* _Work item_: Reproduce the entries shown below only from the line with "Tải lịch thi đấu Euro 2016" down to the line with "3 von Telefunken", keeping both end lines and copying each one exactly.

* _Recorded data_:

________

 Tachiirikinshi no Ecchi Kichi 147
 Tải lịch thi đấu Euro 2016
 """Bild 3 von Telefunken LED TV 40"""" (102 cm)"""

________

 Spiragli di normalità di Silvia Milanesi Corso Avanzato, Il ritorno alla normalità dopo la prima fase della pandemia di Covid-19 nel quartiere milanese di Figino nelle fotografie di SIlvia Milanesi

________

* _Written response_:
 Tải lịch thi đấu Euro 2016
 """Bild 3 von Telefunken LED TV 40"""" (102 cm)"""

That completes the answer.